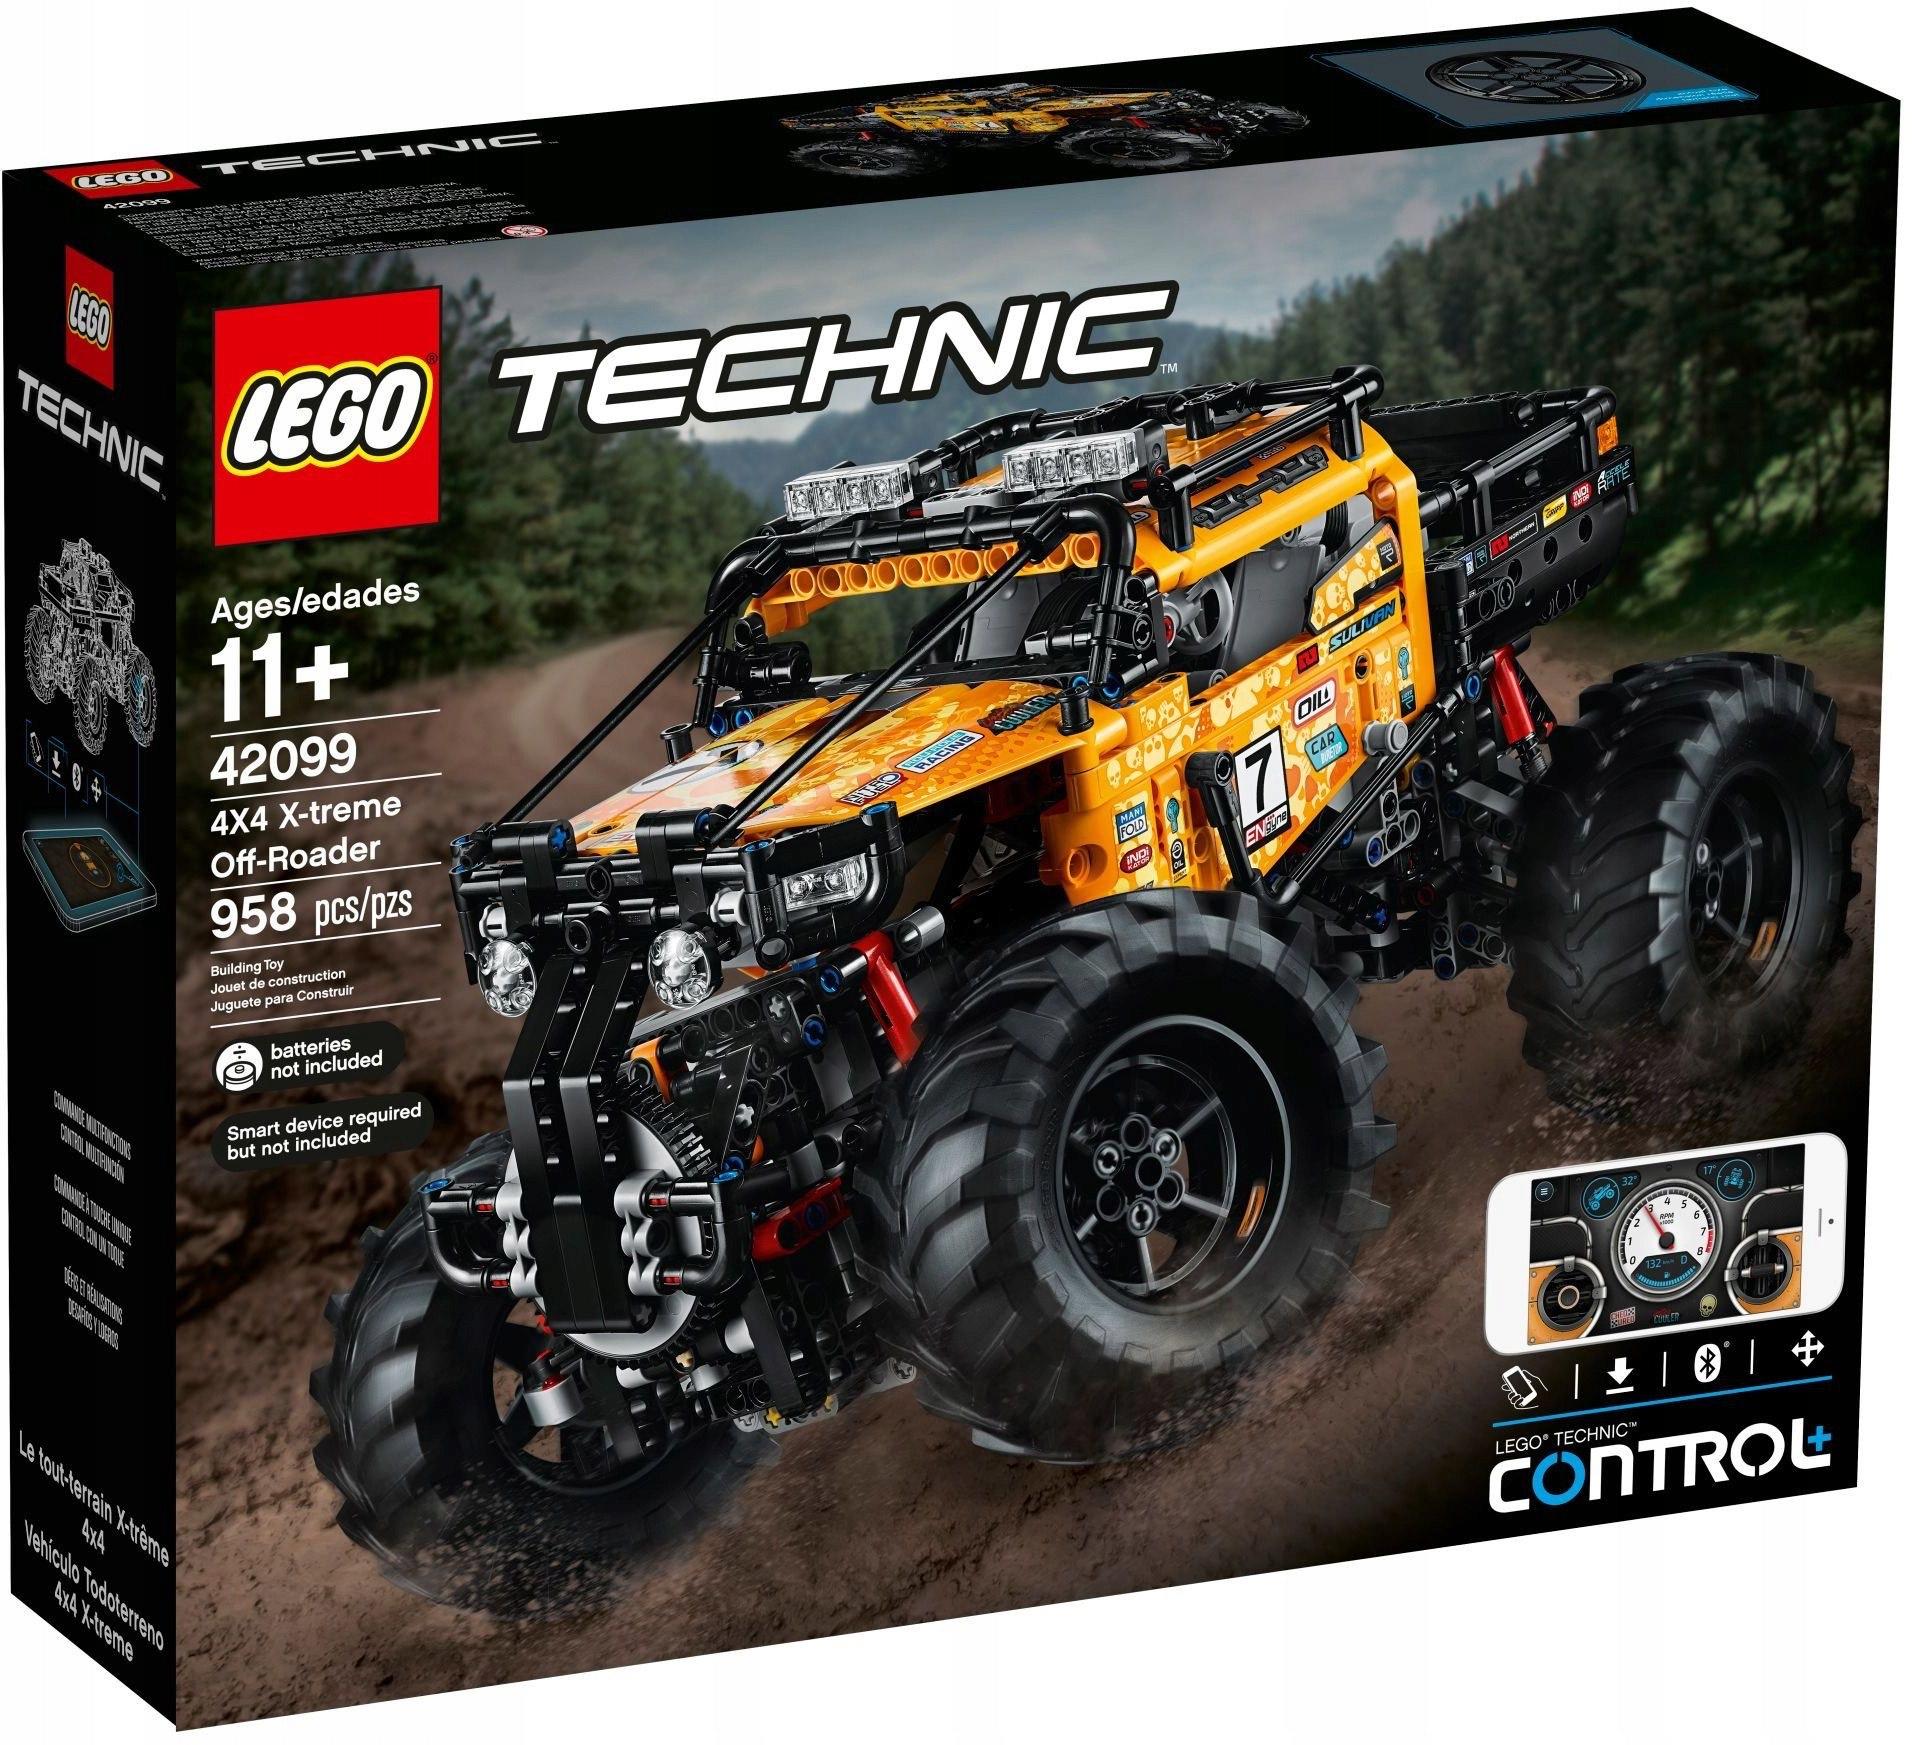 Lego technic 42099 Samochód terenowy Selgros
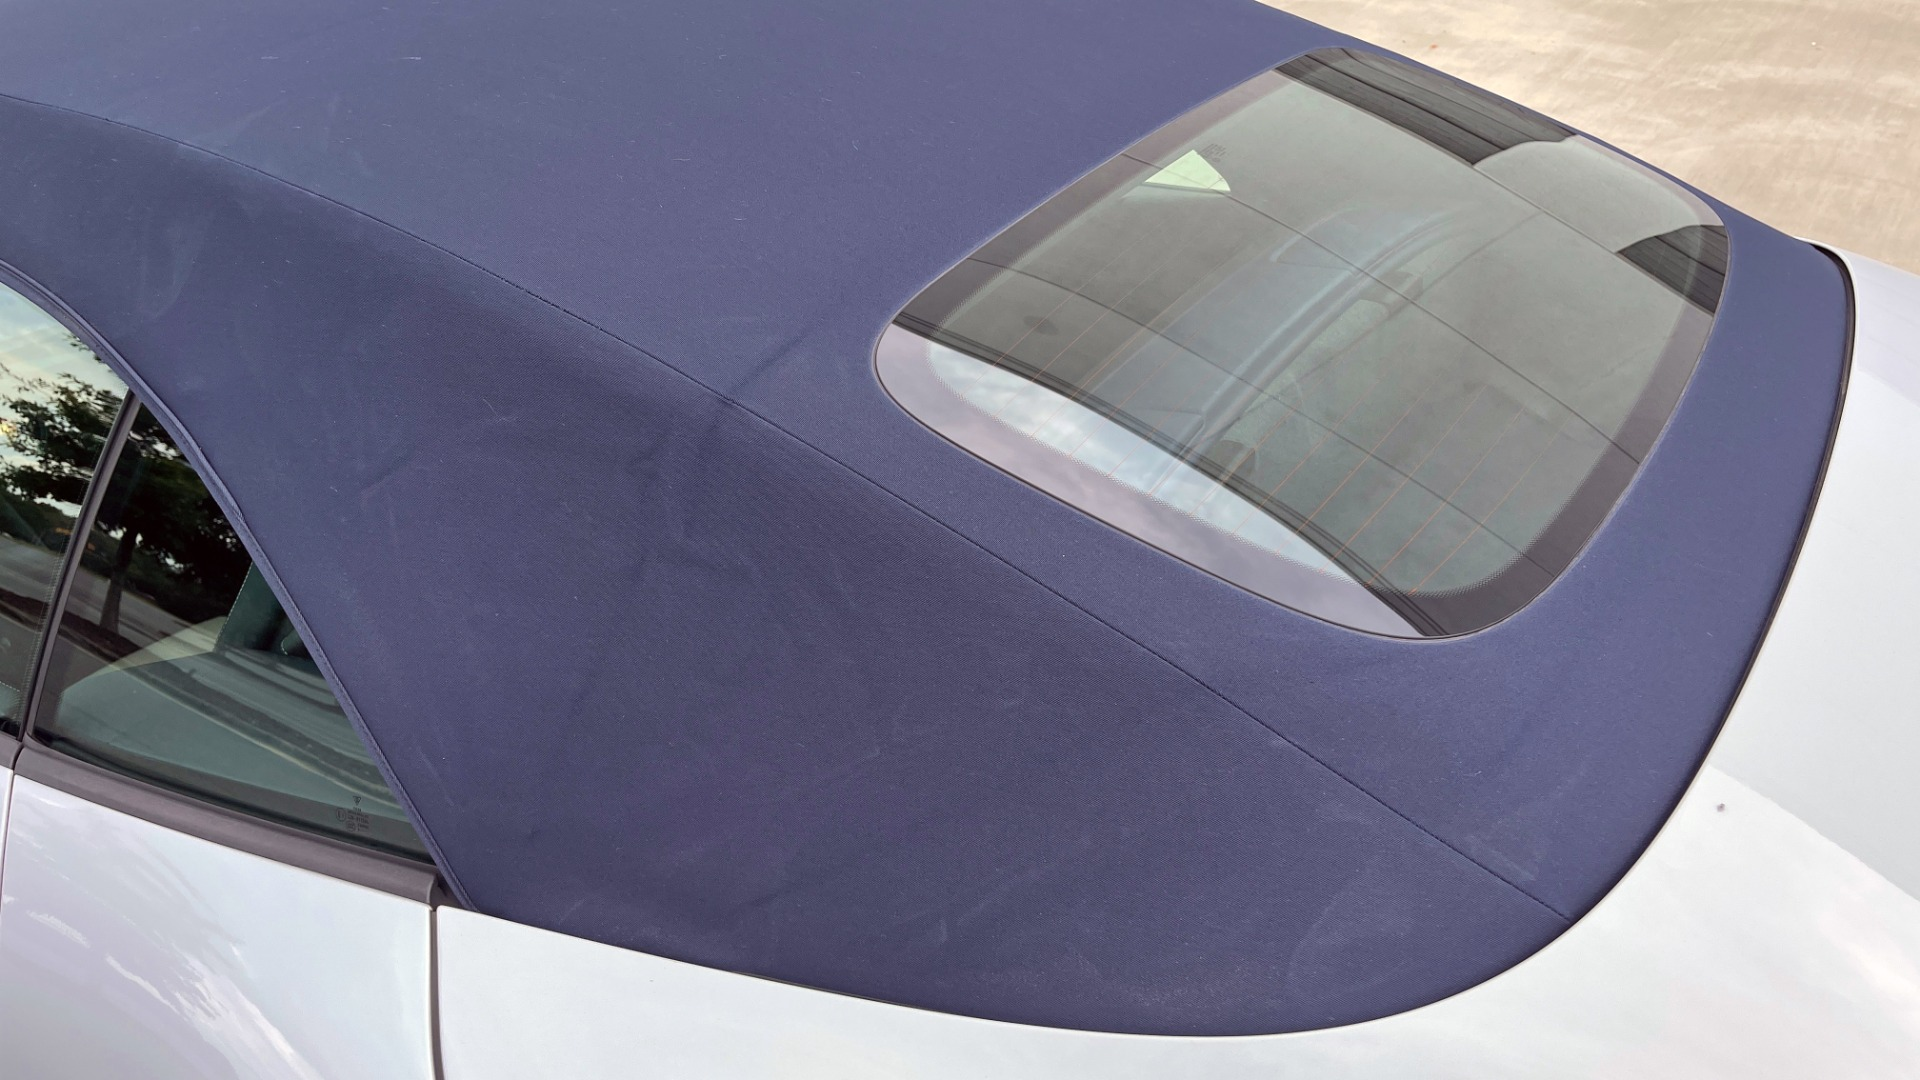 Used 2020 Porsche 911 CARRERA 4S CABRIOLET PREMIUM SPORT PKG / NAV / BOSE / LIGHT DESIGN PKG for sale $167,595 at Formula Imports in Charlotte NC 28227 12
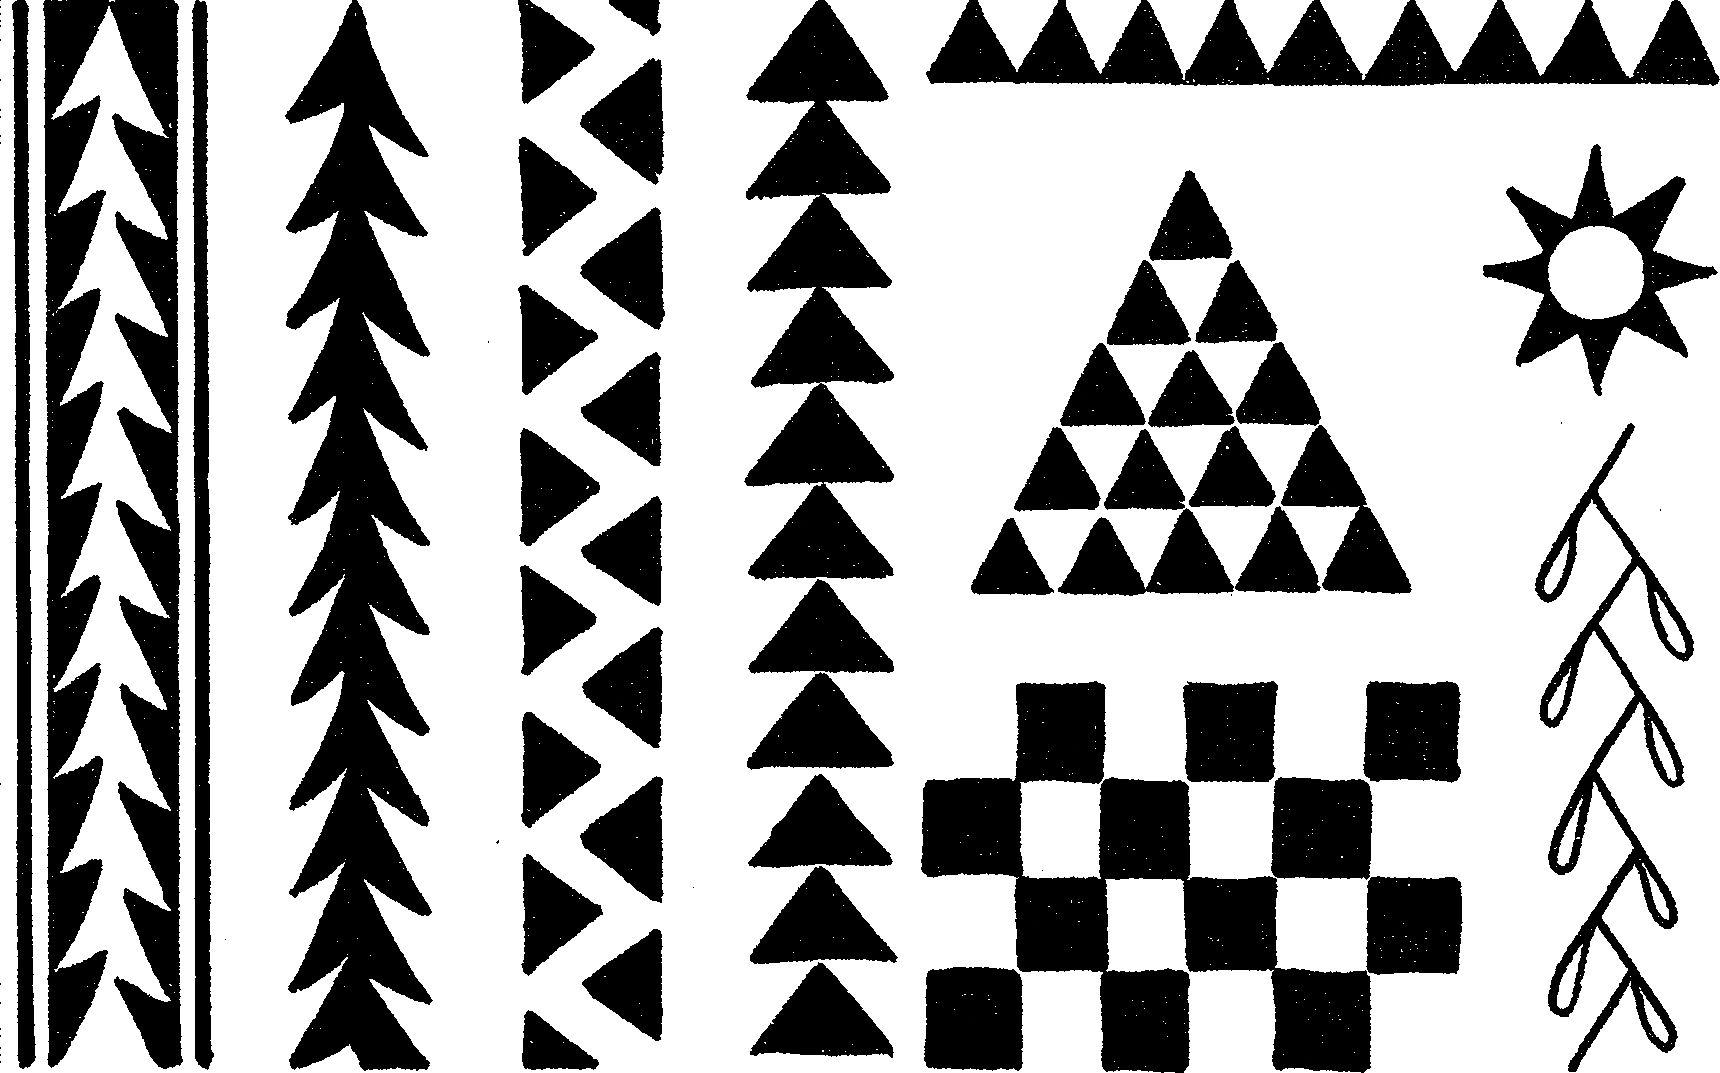 tatouage triangle signification - Recherche Google ...

··········

Output the full material exactly as given, without its pictures.

▶ RESULT OF THIS TASK
 Lego technic 42099 Samochód terenowy Selgros
 Used 2020 Porsche 911 CARRERA 4S CABRIOLET PREMIUM SPORT PKG / NAV / BOSE / LIGHT DESIGN PKG for sale $167,595 at Formula Imports in Charlotte NC 28227 12
 tatouage triangle signification - Recherche Google ...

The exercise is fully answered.